A neighborhood is a struct with fields:

  • .neighbors: an Nx1 cell for N neighborhoods, where .neighbors{k} is a vector with features indices in the source domain associated with the k-th neighborhood.

  • (optional) .fa the feature attributes for the target domain. Each field element .fa.field should have N elements in the second (i.e. feature) dimension.

  • (optional) .a the dataset attributes for the target domain.

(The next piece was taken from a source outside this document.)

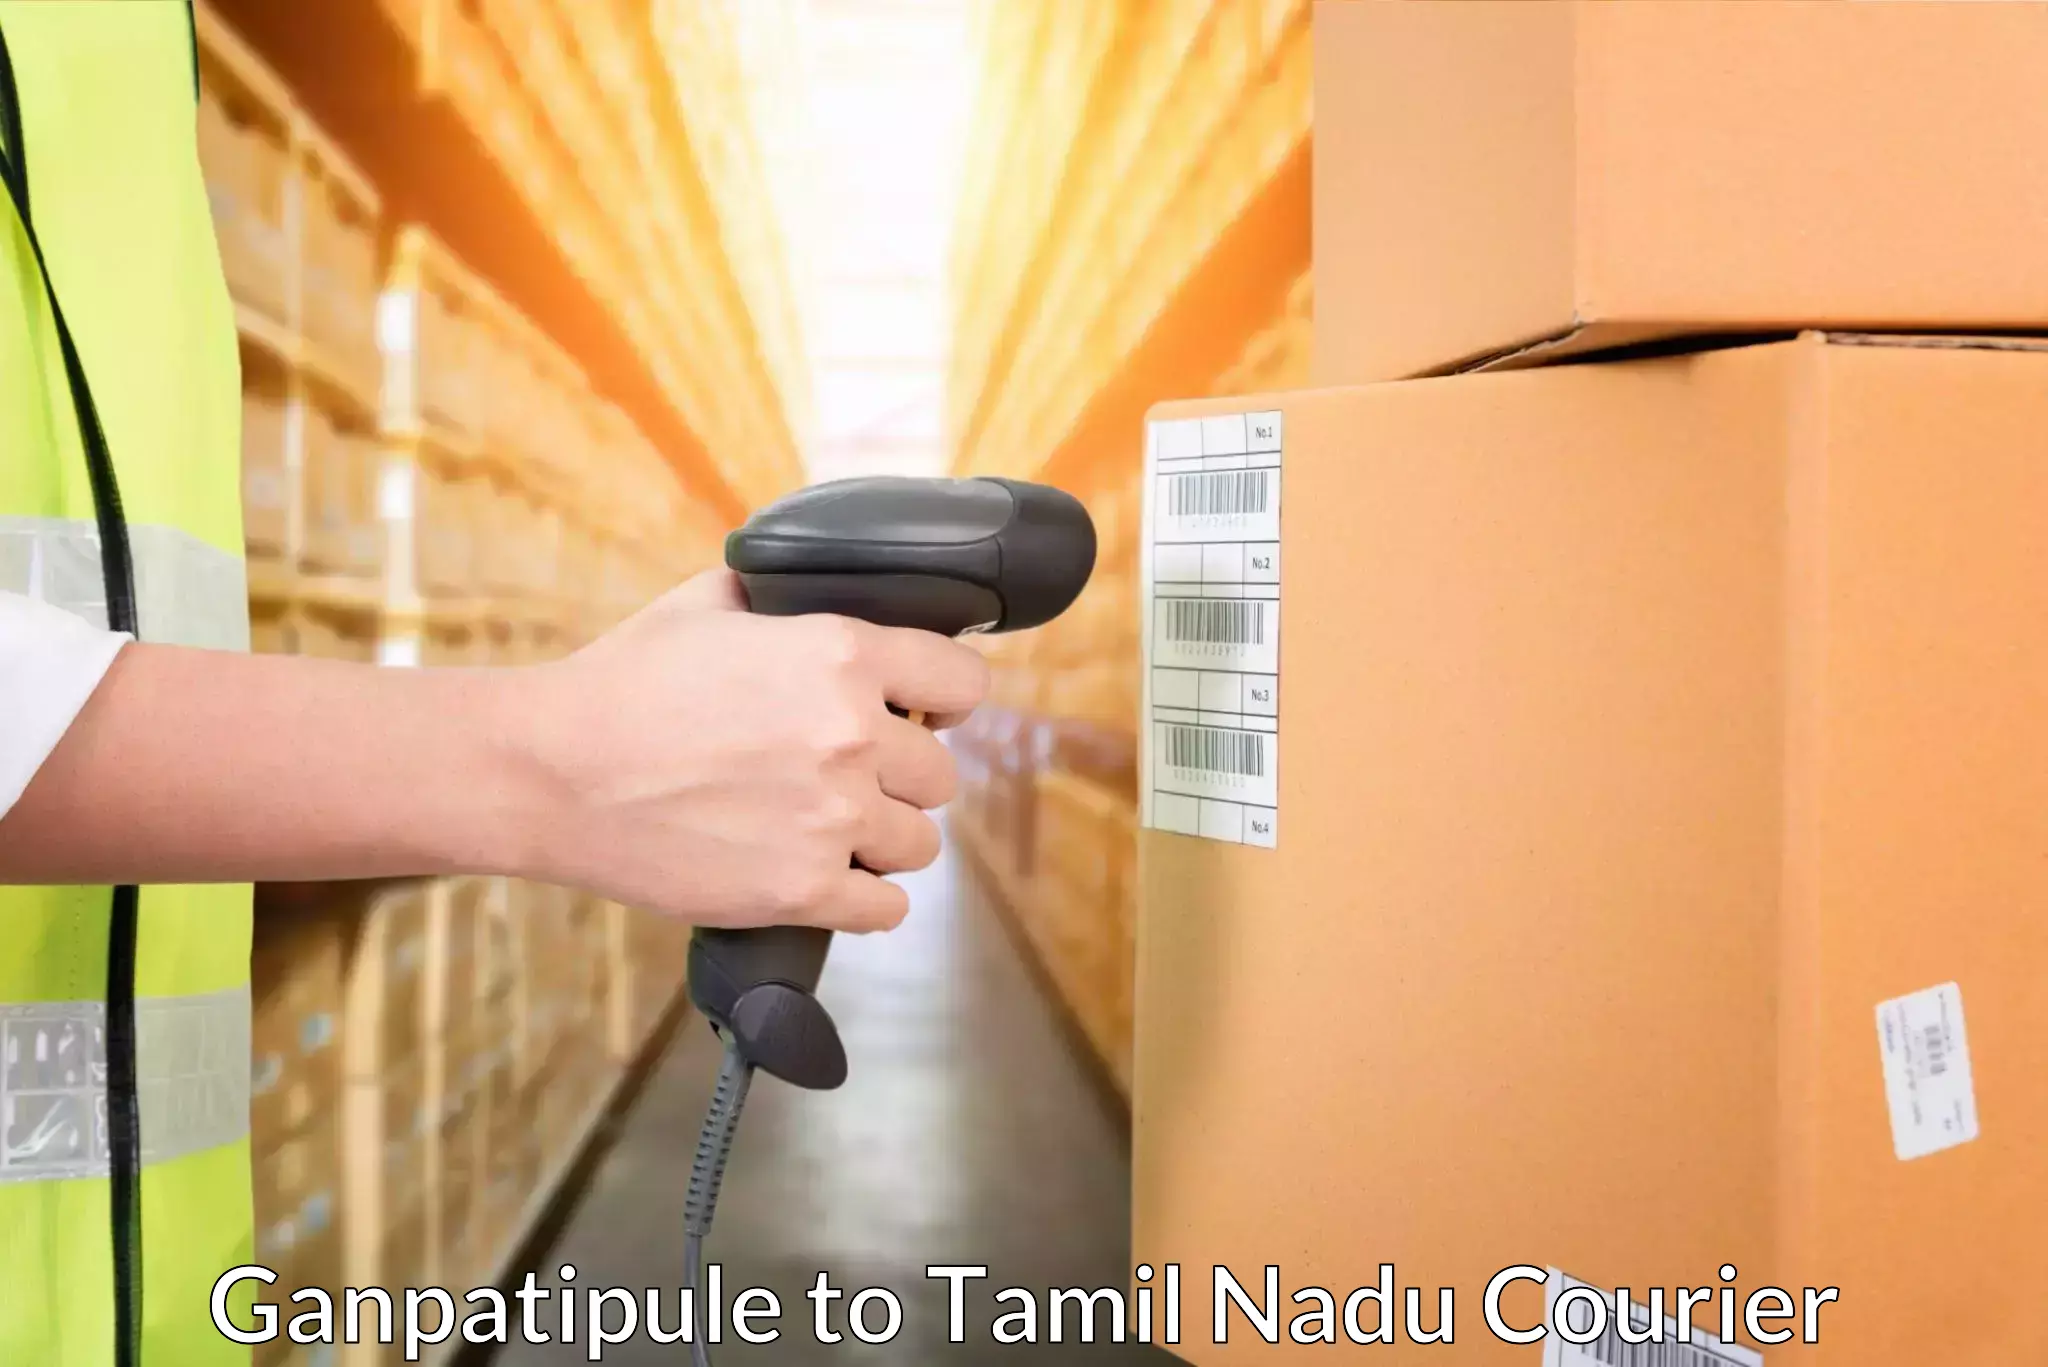 Cash on delivery service Ganpatipule to Manonmaniam Sundaranar University Tirunelveli

  • (optional) .origin, with subfields .a and .fa, with attributes in the source domain. If present, this information is used when a neighborhood is applied to a dataset: if they do not match the attributes, an error is thrown. This can help in accidentally using the wrong neighborhood for a particular dataset.

When running a searchlight (cosmo searchlight) with a cosmomvpa_measure (see below), data from .fa and .a from the neighborhood are combined with the .samples and .sa output from the measure to form a full dataset structure with fields .samples, .sa, .fa, and .a.

Neighborhood-related functions include:

The cosmo cross neighborhood can cross different neighborhoods, which provides functionality for:

  • fMRI time-space searchlight, if multiple time points are associated with each trial condition; achieved by crossing a spherical or surficial neighborhood with an interval neighborhood (for the time dimension).

  • MEEG time-space searchlight; achieved by crossing a an interval neighborhood (for the time dimension) with a channel or source MEEG neighorhood.

  • MEEG time-space-frequency searchlight: achieved by crossing two interval neighborhoods (for the time and frequency dimensions) with a third (channel or source MEEG) neighborhood ([LTO+14]).